## Assigned task
Your job is to return the whole listing unchanged while skipping its images.

## Supplied information
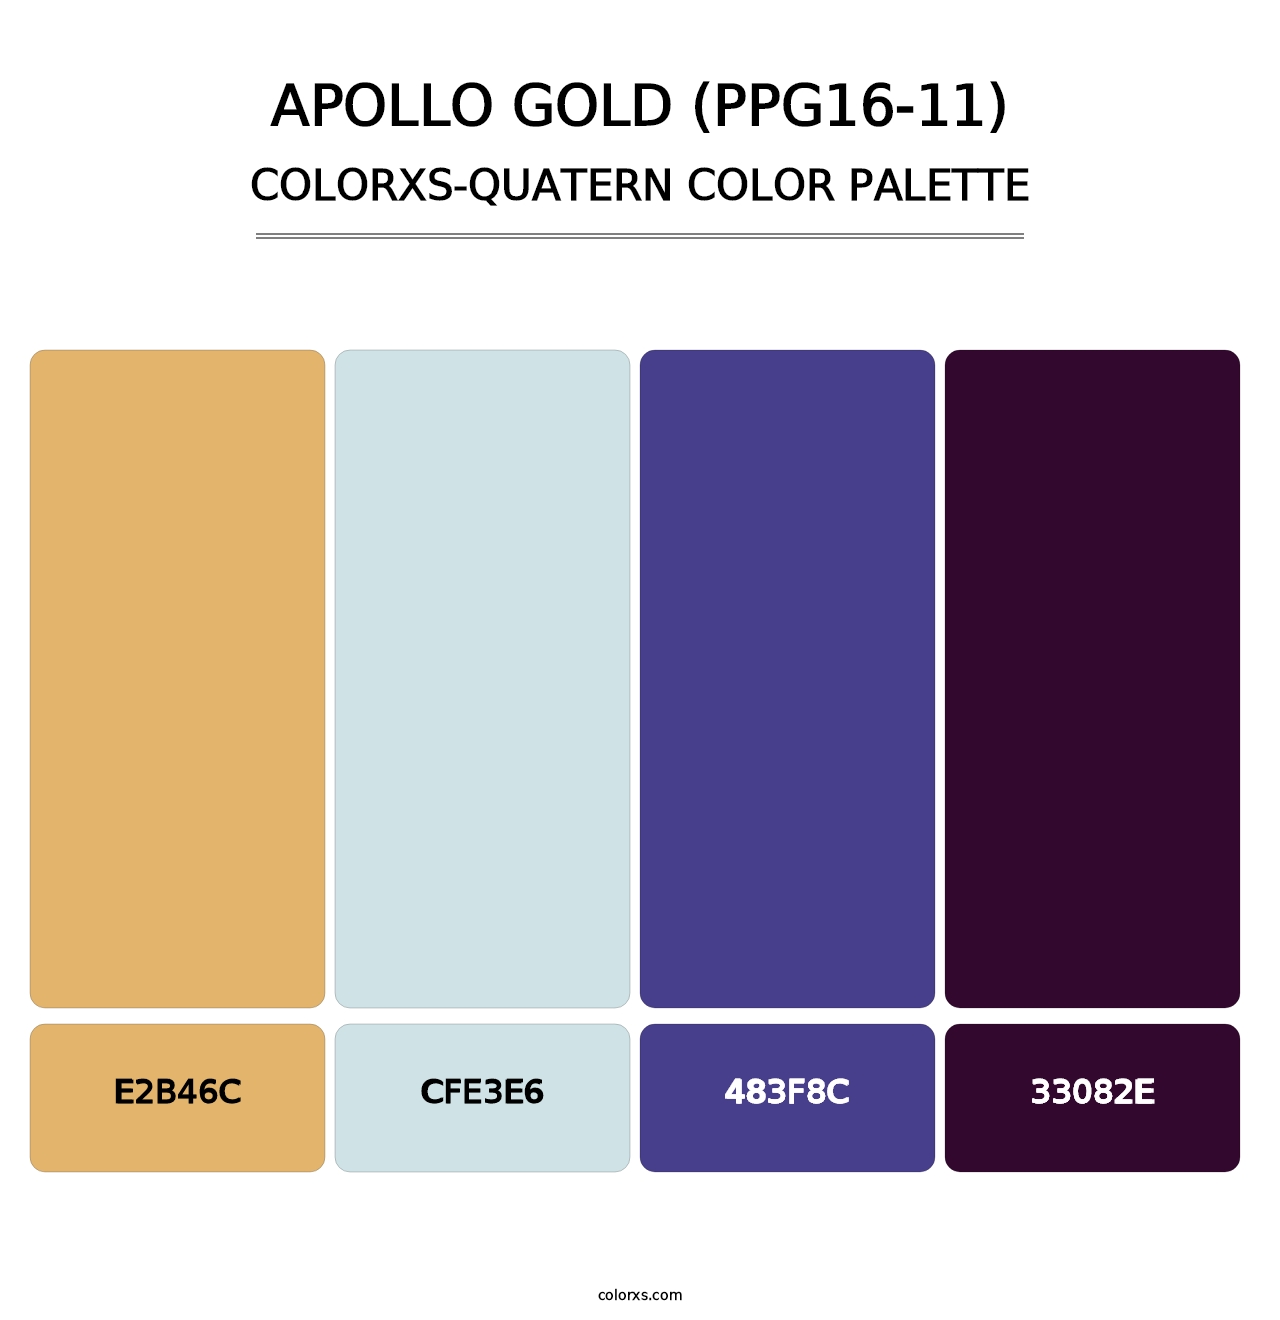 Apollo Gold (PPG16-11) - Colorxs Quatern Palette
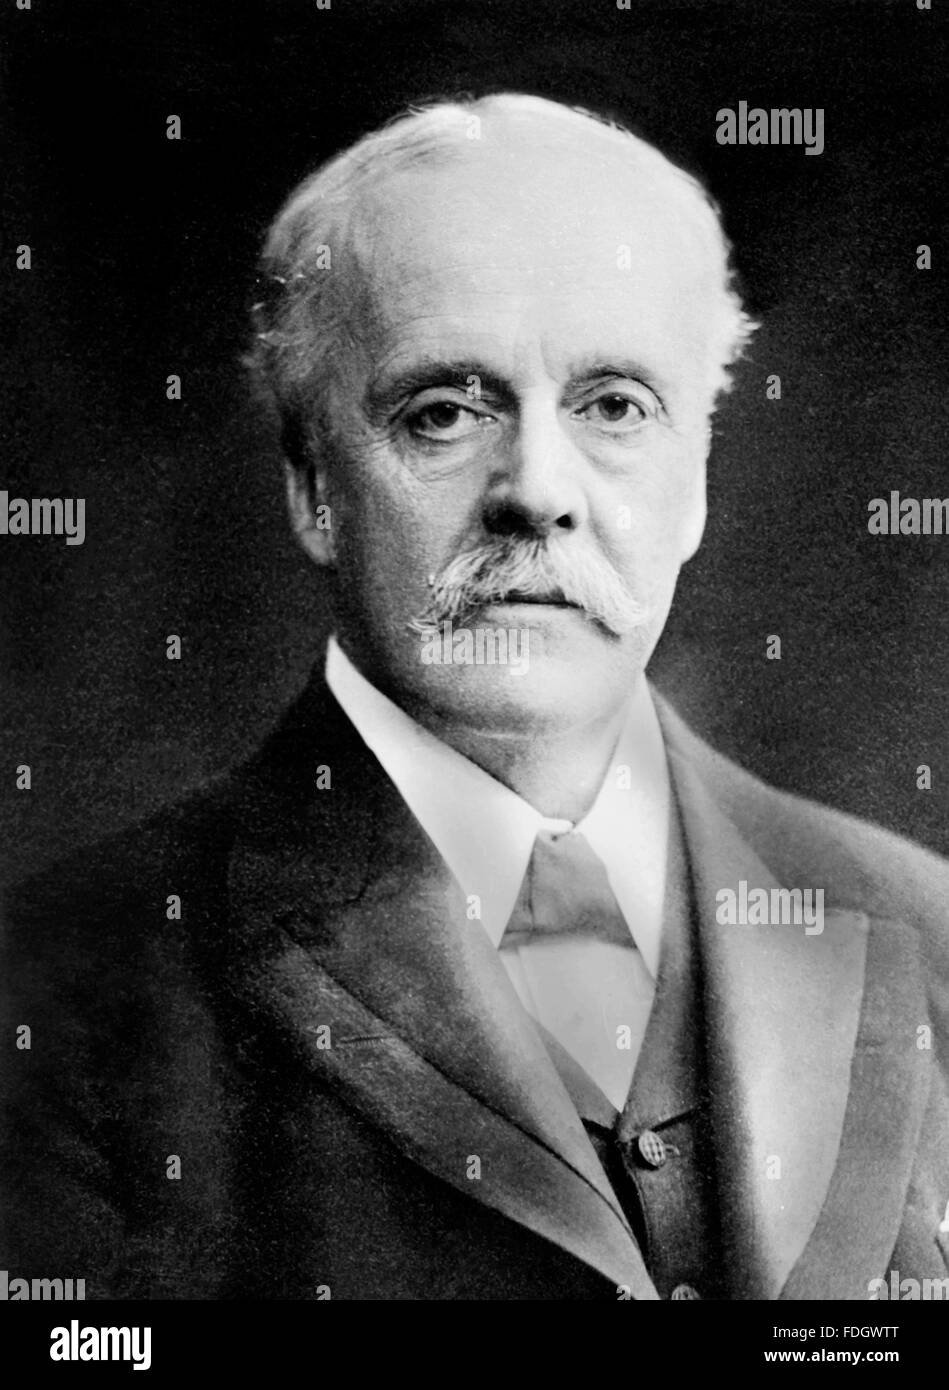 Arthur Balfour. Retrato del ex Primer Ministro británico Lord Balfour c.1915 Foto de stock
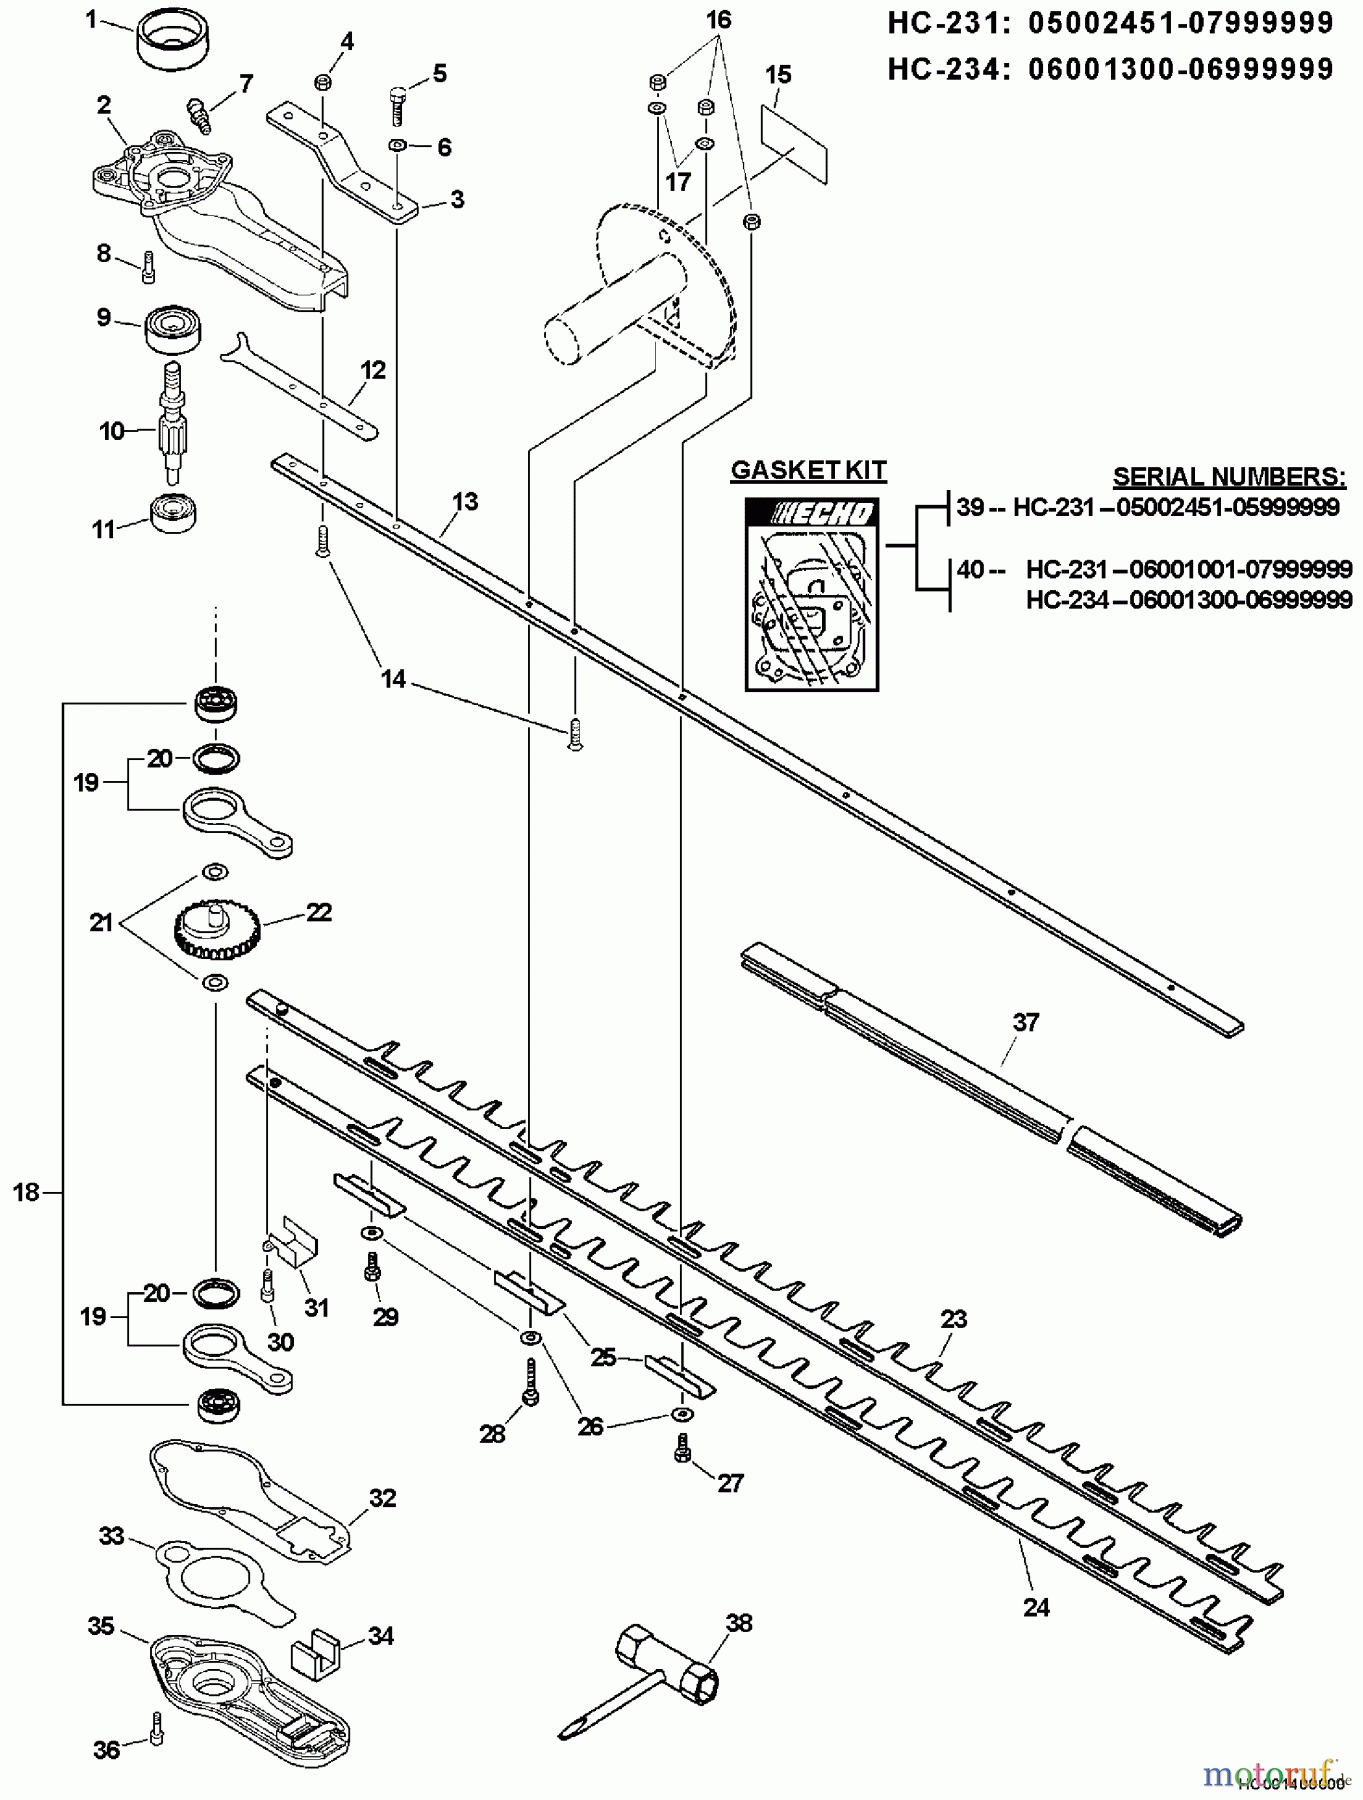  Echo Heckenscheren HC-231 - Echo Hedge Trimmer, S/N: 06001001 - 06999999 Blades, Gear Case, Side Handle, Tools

## Task response
 Apollo Gold (PPG16-11) - Colorxs Quatern Palette
 Arthur Balfour. Retrato del ex Primer Ministro británico Lord Balfour c.1915 Foto de stock
  Echo Heckenscheren HC-231 - Echo Hedge Trimmer, S/N: 06001001 - 06999999 Blades, Gear Case, Side Handle, Tools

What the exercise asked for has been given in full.